Biomaterials library Lithuania

The first biomaterials library in Lithuania is a physical space located in the capital Vilnius, but it is also open to the online public

Its curators are still calling for new display submissions but their collection is already pretty substantial. There is an emphasis here on patented materials developed by Lithuanian biobased startups 

  1. Root textiles
    Beneath their quiet surface, grass roots can quickly form matted knots that merge into a continuous sheet. One biobased company Rootful is taking advantage of fast-growing grass roots to form a new kind of textile – one cultivated, not manufactured. The process allows wheatgrass seed to germinate, their tiny roots winding their way into a biodegradable fabric beneath to form a new material. 
  2. Piss Soap
    Unbelievable as it may seem, this product does what it says on the tin: a soap made entirely from human waste, including urine, cooking oil, and wood ashes. 
  3. Amber dust
    Amber is a beautiful biobased ‘jewel’, not a crystal like the mined stones it resembles but still a mesmerising natural material that has been crafted into decorative forms for thousands of years. Amber today is still used to manufacture products but the process creates large amounts of dust byproduct. Studio Agne has developed a biocomposite from this industry waste, finding a way to temper the softness and brittleness of the material with other plant and waste-based ingredients. 
  4. Newspaper-based wood finish
    Quite literally, NewspaperWood turns newspaper into wood. Wood veneer to be precise. By using layered waste paper to mimic the growth rings of a tree, designer Mieke Meijer has managed to form a sturdy biomaterial that does the work of veneer made from plastic or from real trees. Since it does not rely on any fresh feedstock but rather uses up what is already abundant, it is an eminently sustainable way of bringing a natural aesthetic into interiors. 
  5. Giant hogweed packaging
    Invasive, poisonous, and blessed with an intimidating name. There seems little to recommend the giant hogweed, except its sheer abundance and physical properties make it an ideal material to replace a whole host of less sustainable packaging materials, including plastic foam and cardboard. Atelie Schaft is behind this submission. 

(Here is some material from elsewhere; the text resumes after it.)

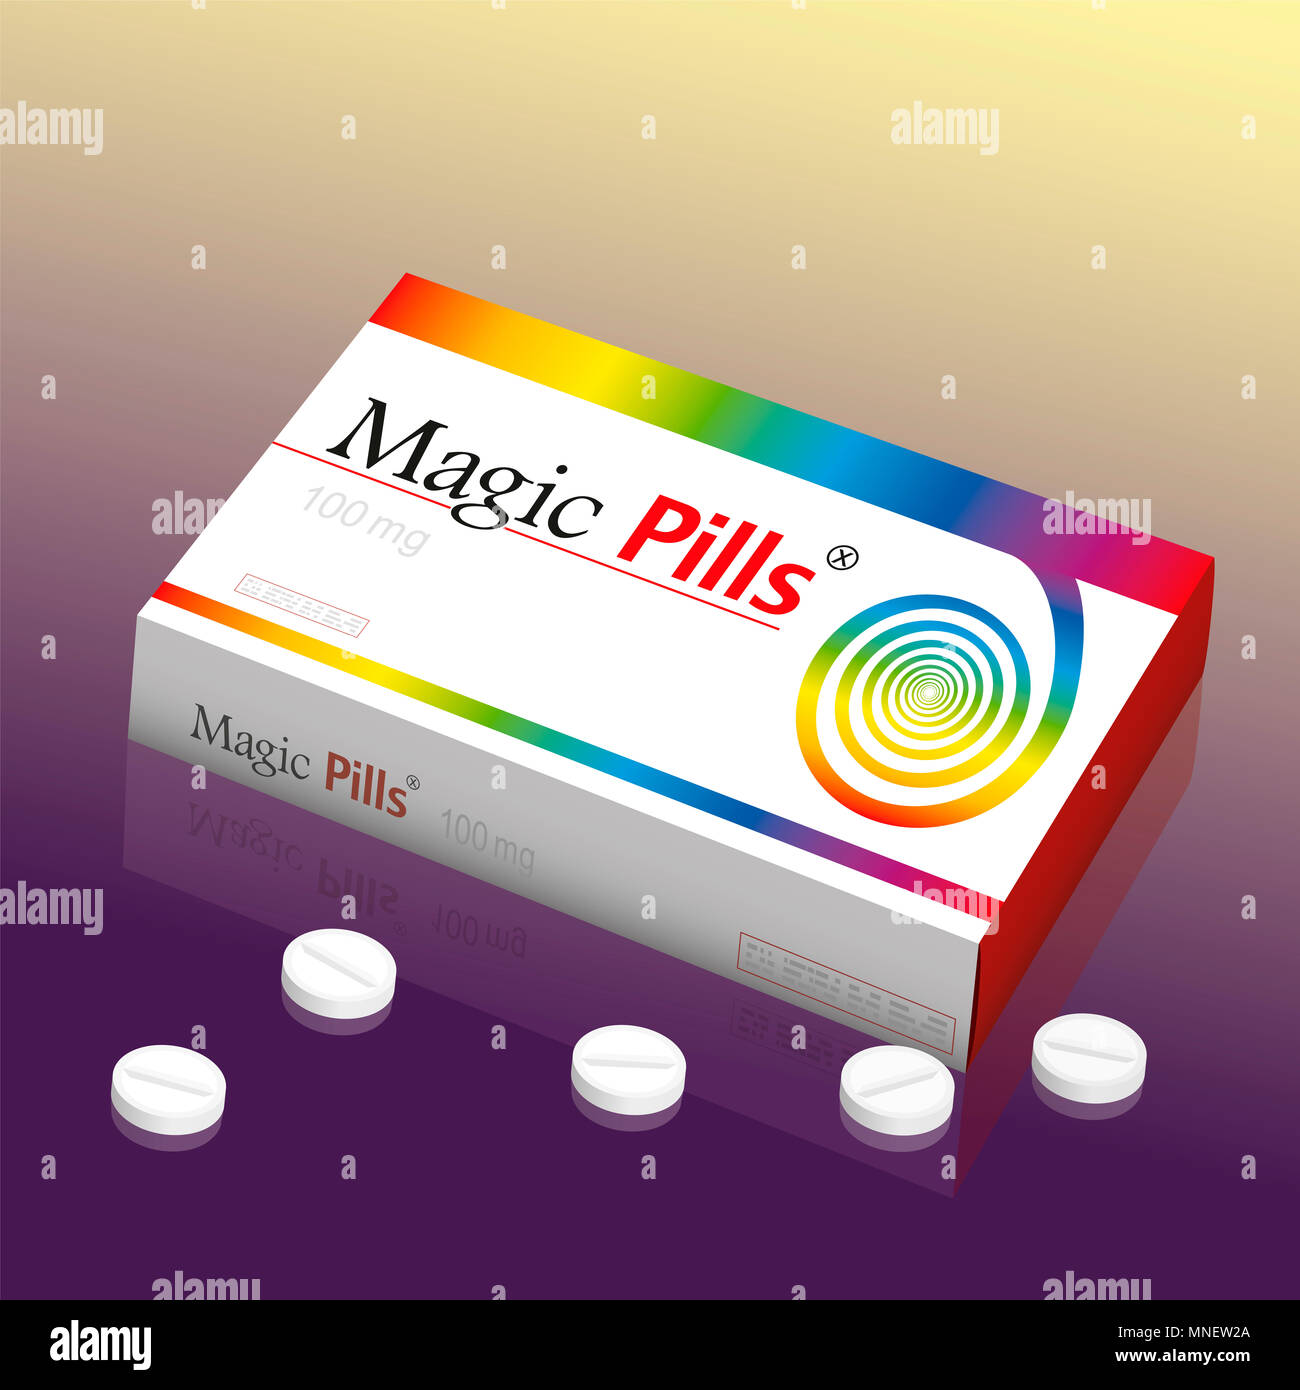 Medicine packet named MAGIC PILLS, a medical panacea product to promise miracle cure, assured health or other wonders concerning healing issues. Stock Photo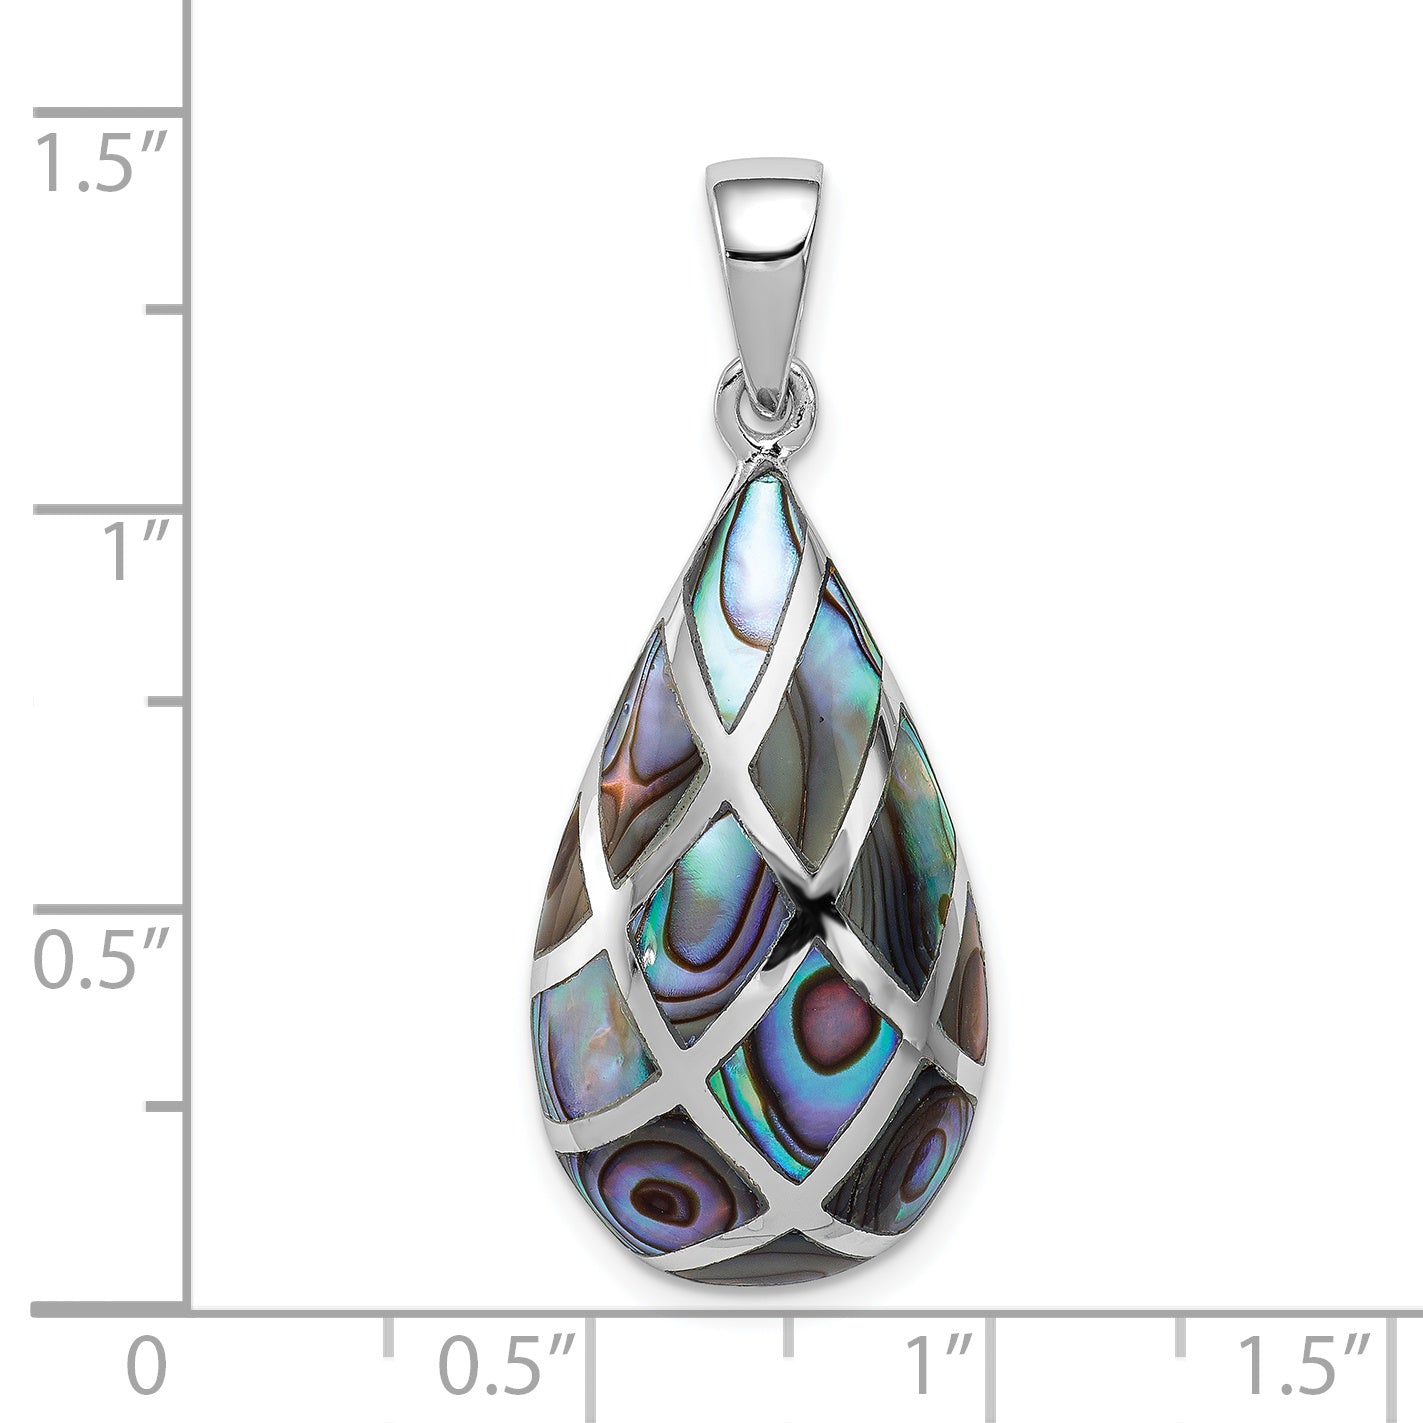 Sterling Silver Rhodium-plated Polished Teardrop Abalone Pendant

Finally, an honourable mention for Materiom, which offers another database that promotes the ‘next generation’ of waste-free materials. The company has an open-access database and community platform where users can search for materials by basic feedstock. There are more obvious contenders like agar alongside more unusual ones like apple pectin or sunflower seeds. The company’s revenue-generator are generative AI technologies that help producers and designers identify biobased materials that meet their needs.